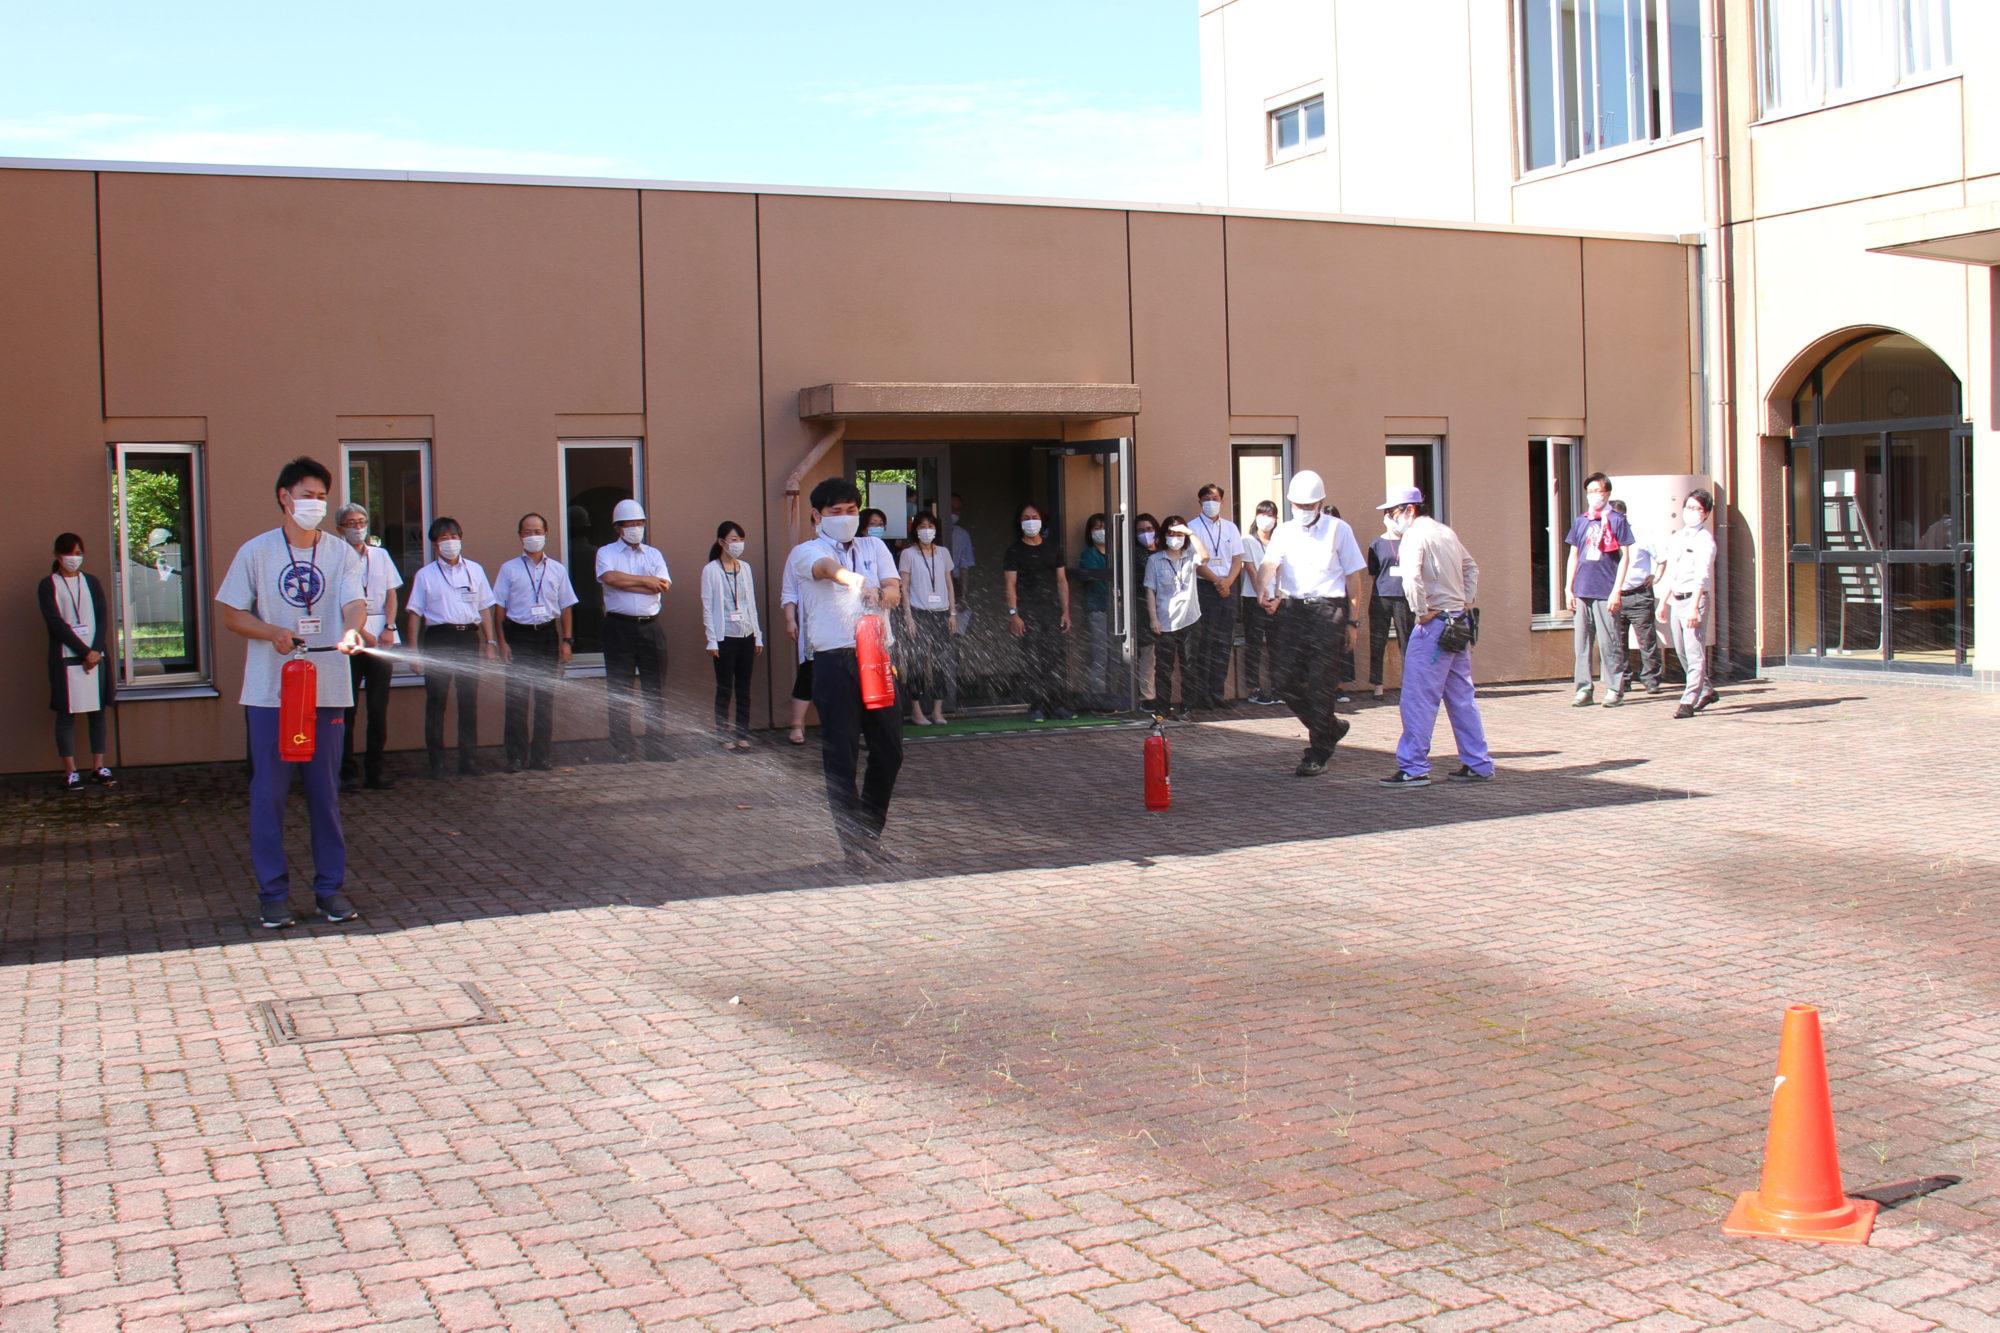 大学内での火災発生を想定した避難・防火訓練を実施しました
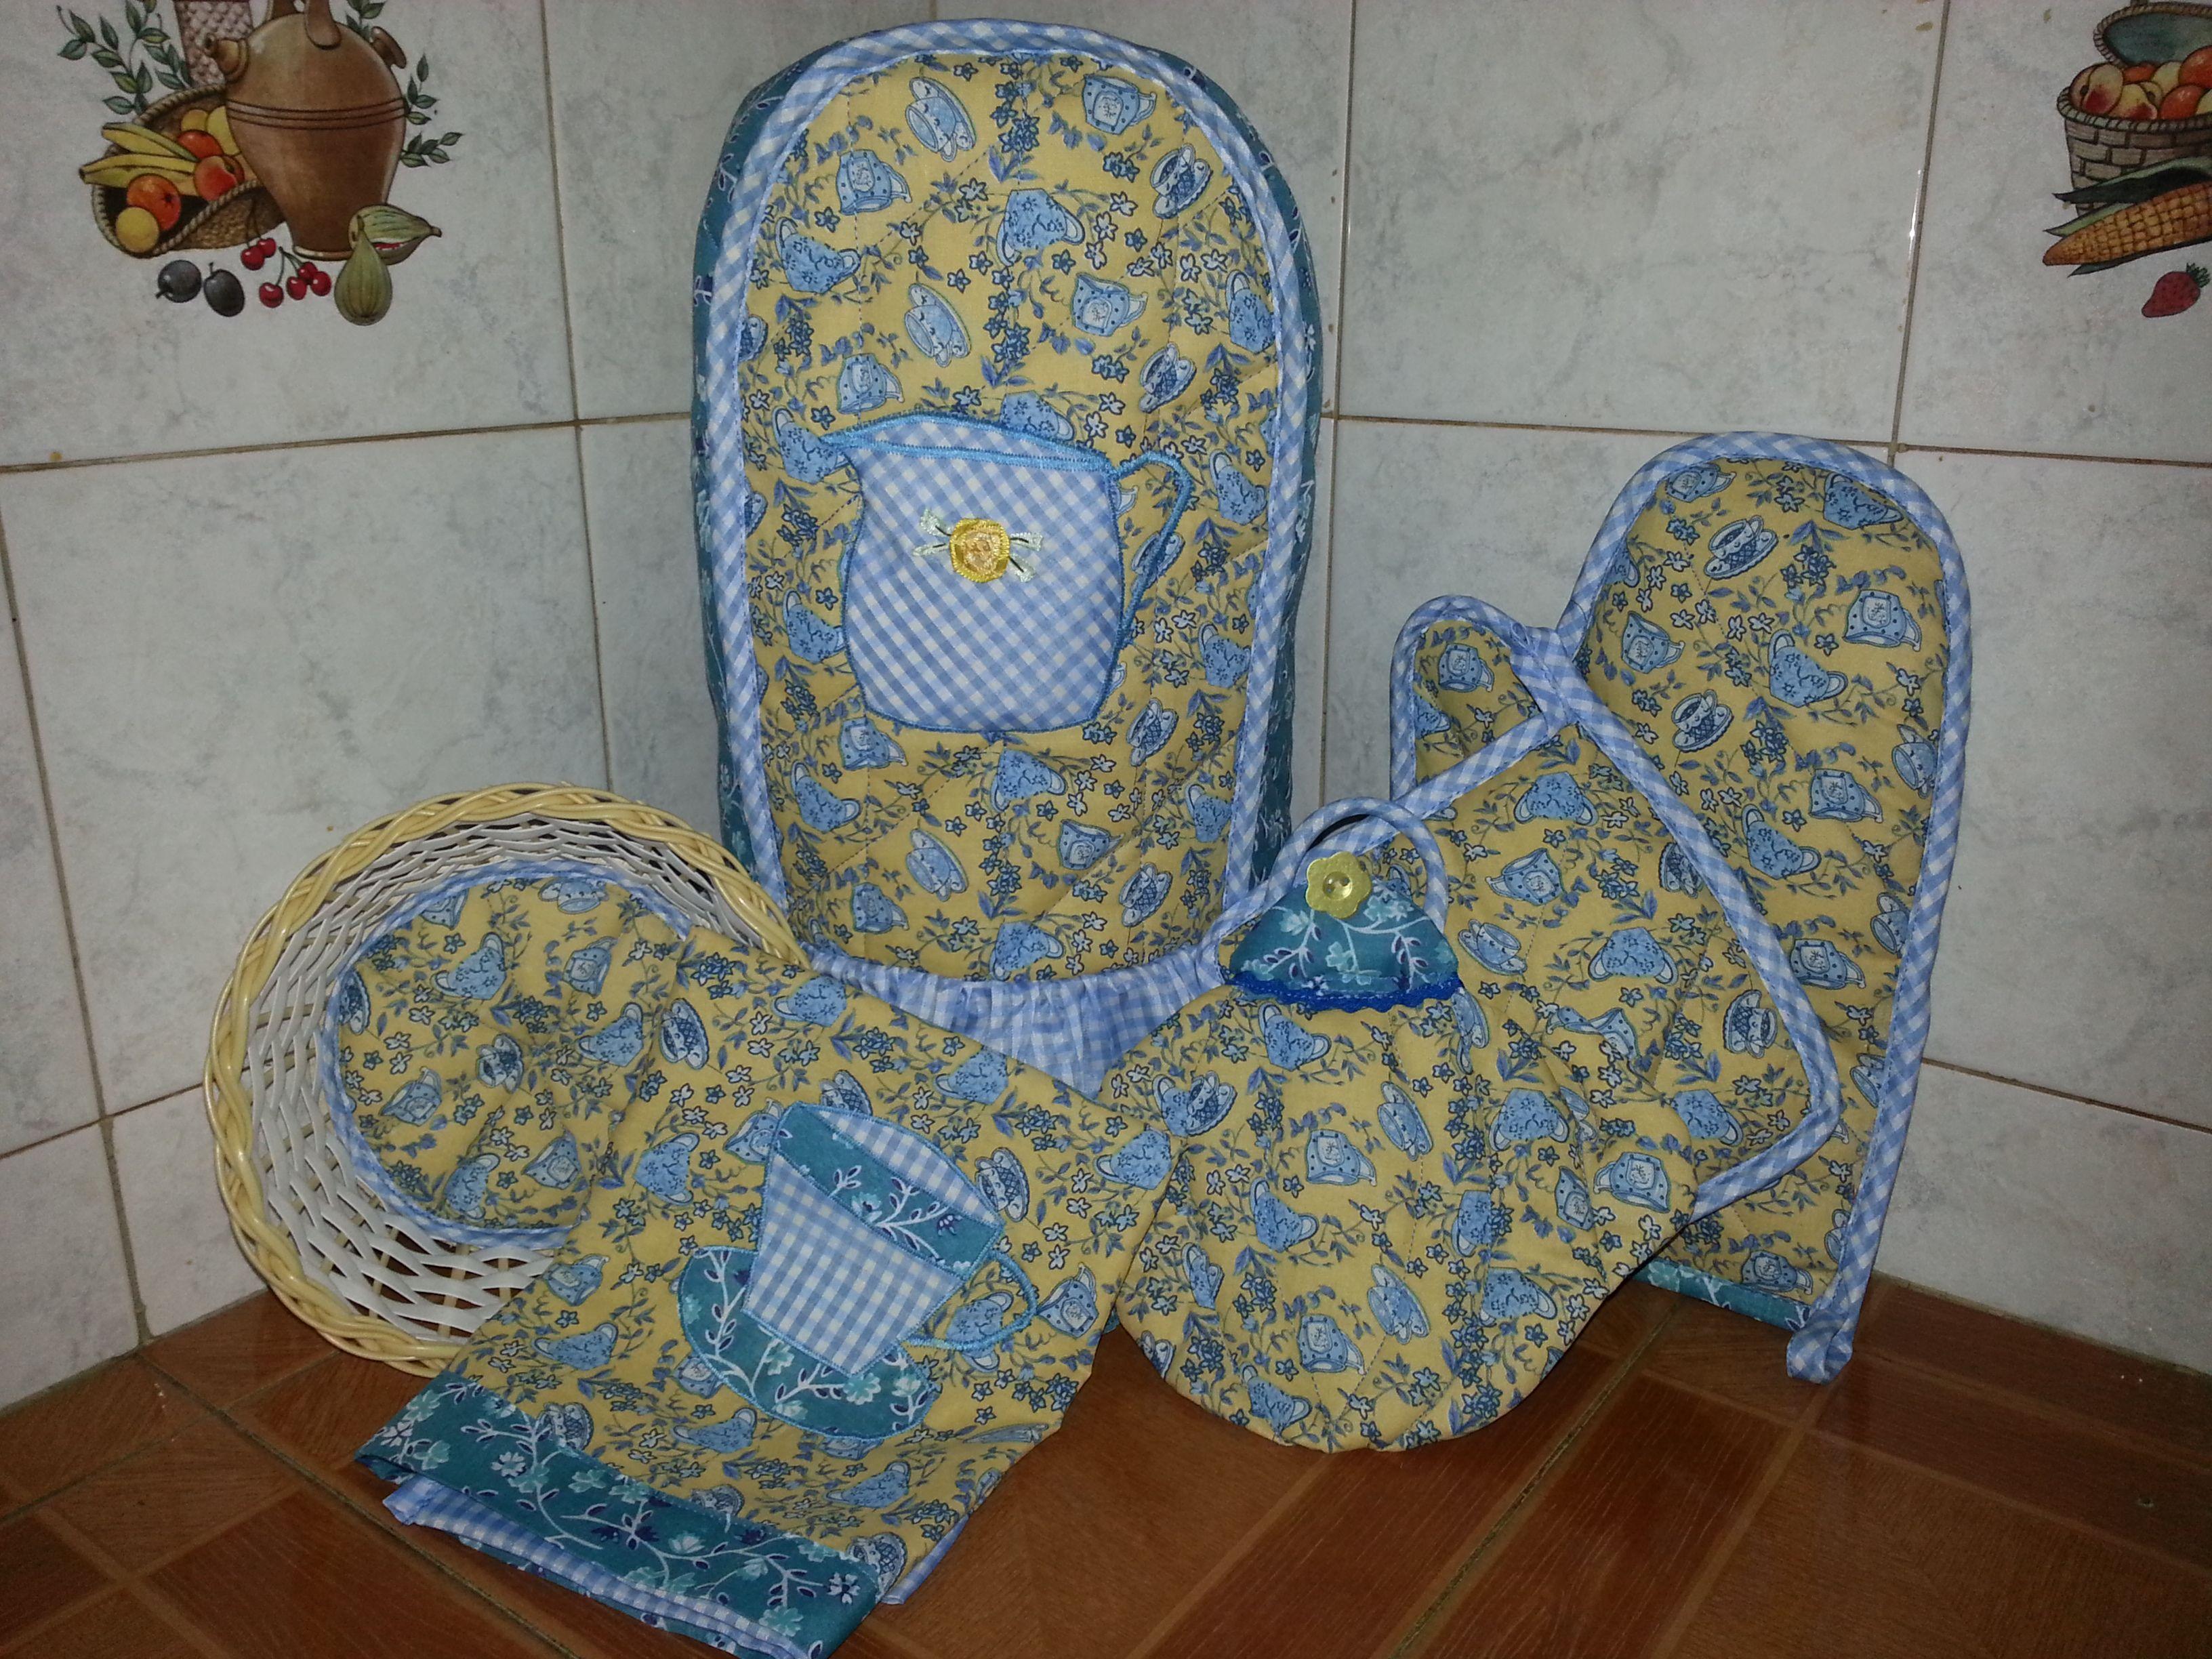 Forro De Licuadora Y Accesorios Forros Para Licuadora  ~ Limpiar Sofa De Tela Trucos Caseros
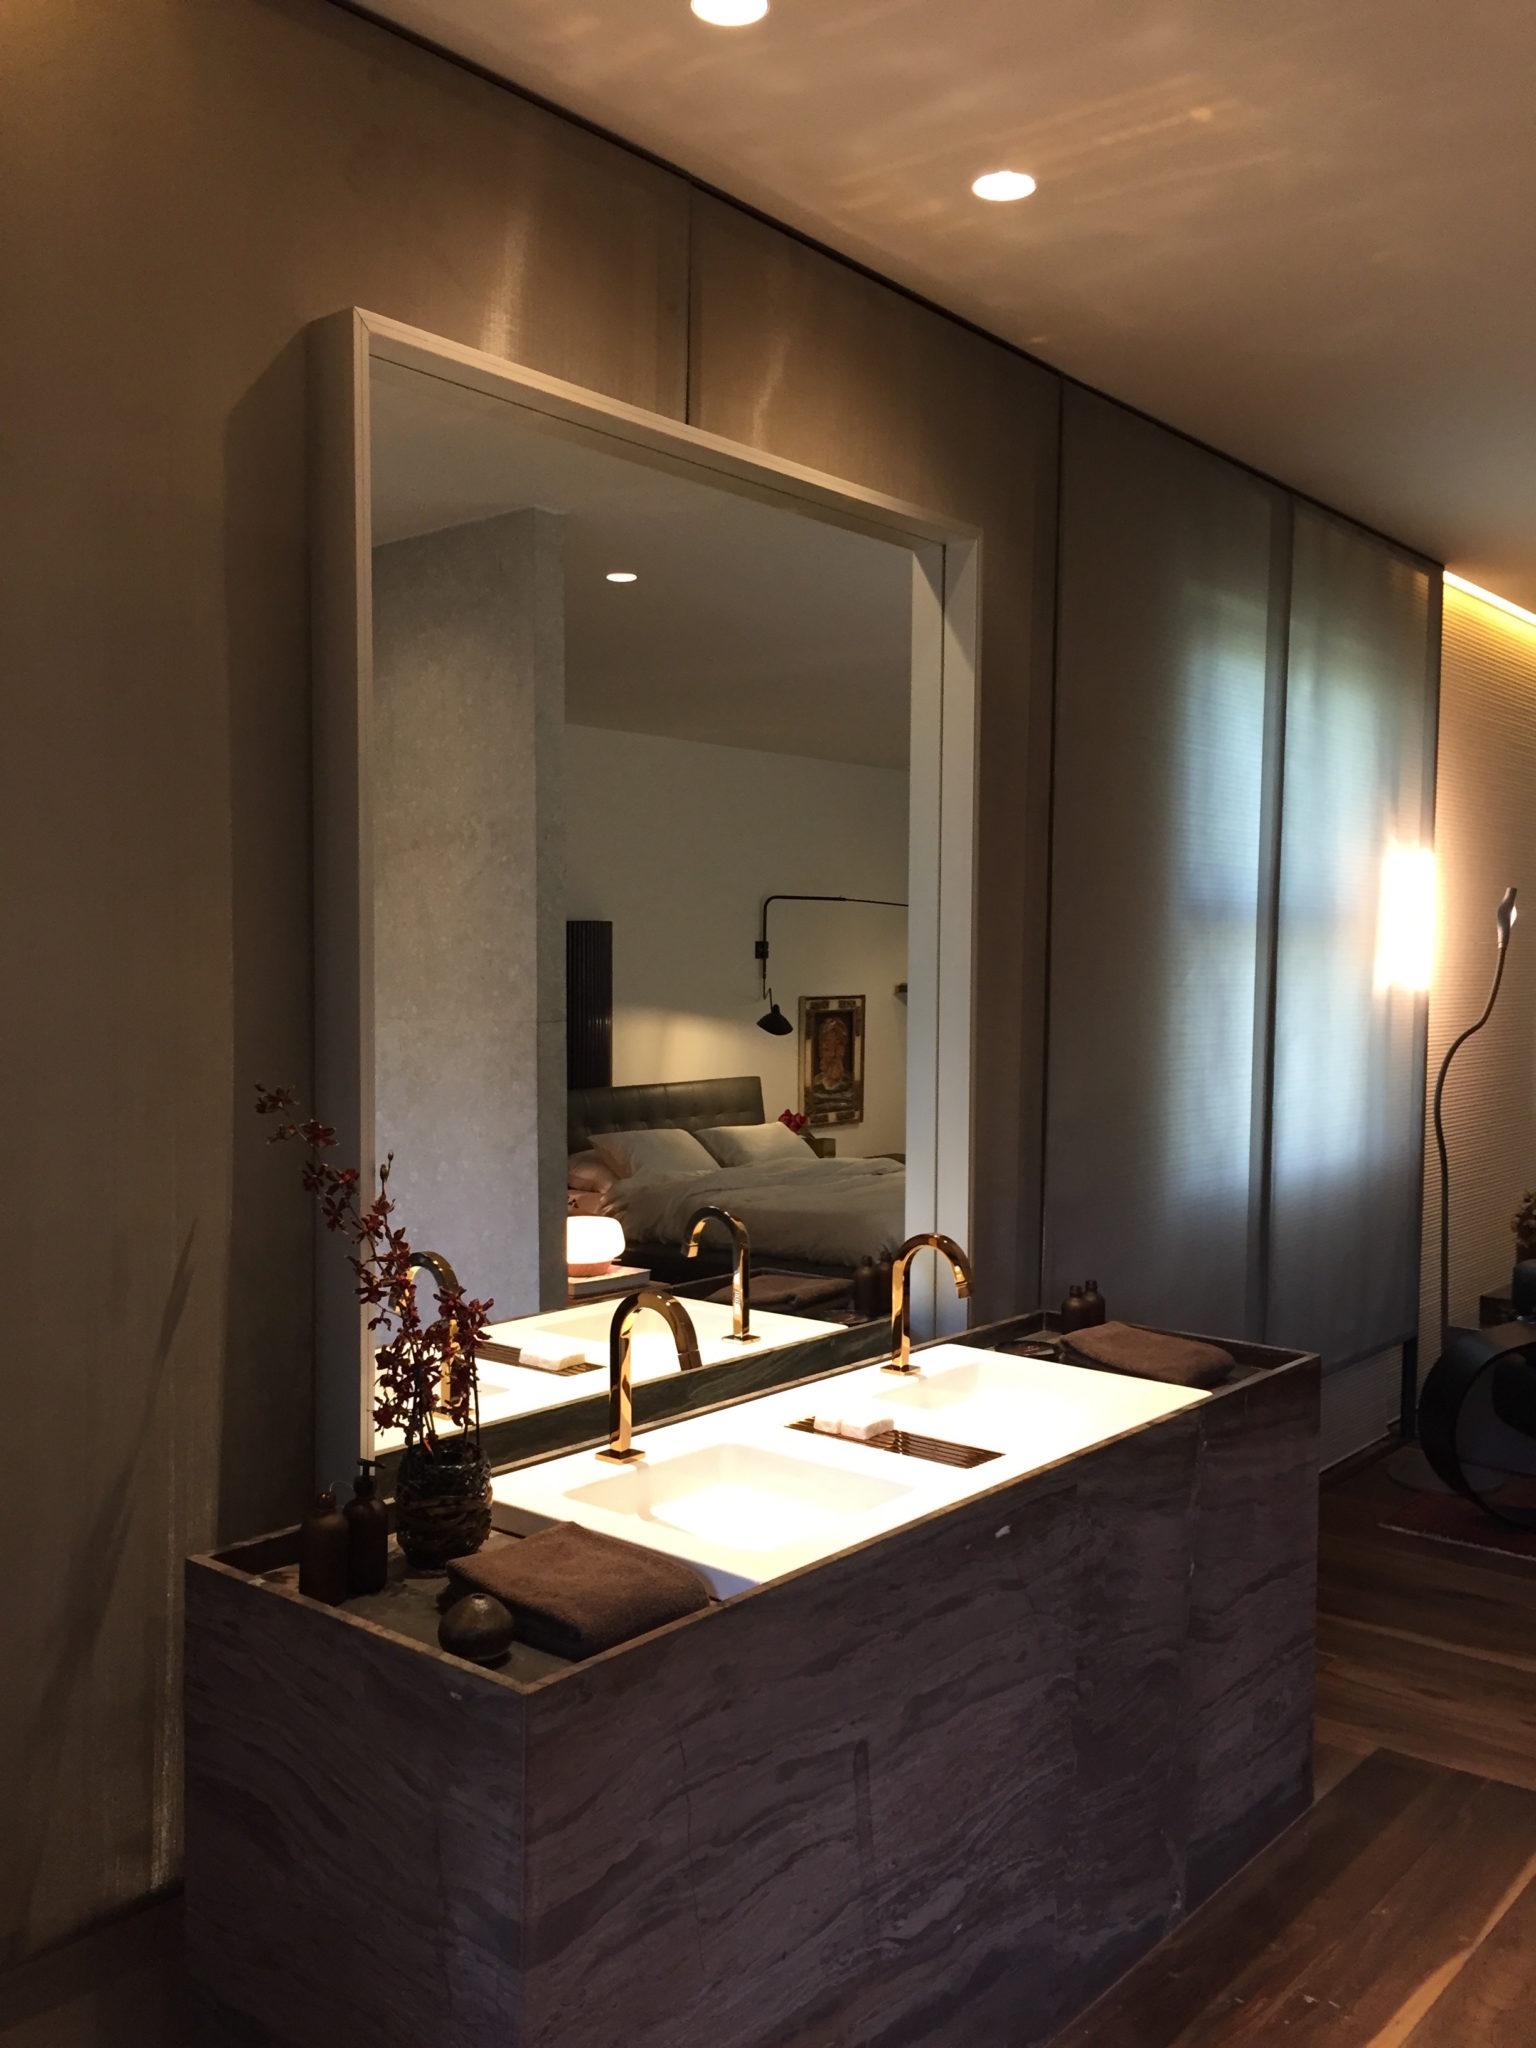 Arquivos Casa Cor All About That Glass ~ Espelho Bronze Em Quarto De Casal

★ ★ ★ ★ ★

> [Exercise goal] Are you able to set down all the lines above exactly, without any pictures?

> [Answer area]
 大学内での火災発生を想定した避難・防火訓練を実施しました
 Forro De Licuadora Y Accesorios Forros Para Licuadora  ~ Limpiar Sofa De Tela Trucos Caseros
 Arquivos Casa Cor All About That Glass ~ Espelho Bronze Em Quarto De Casal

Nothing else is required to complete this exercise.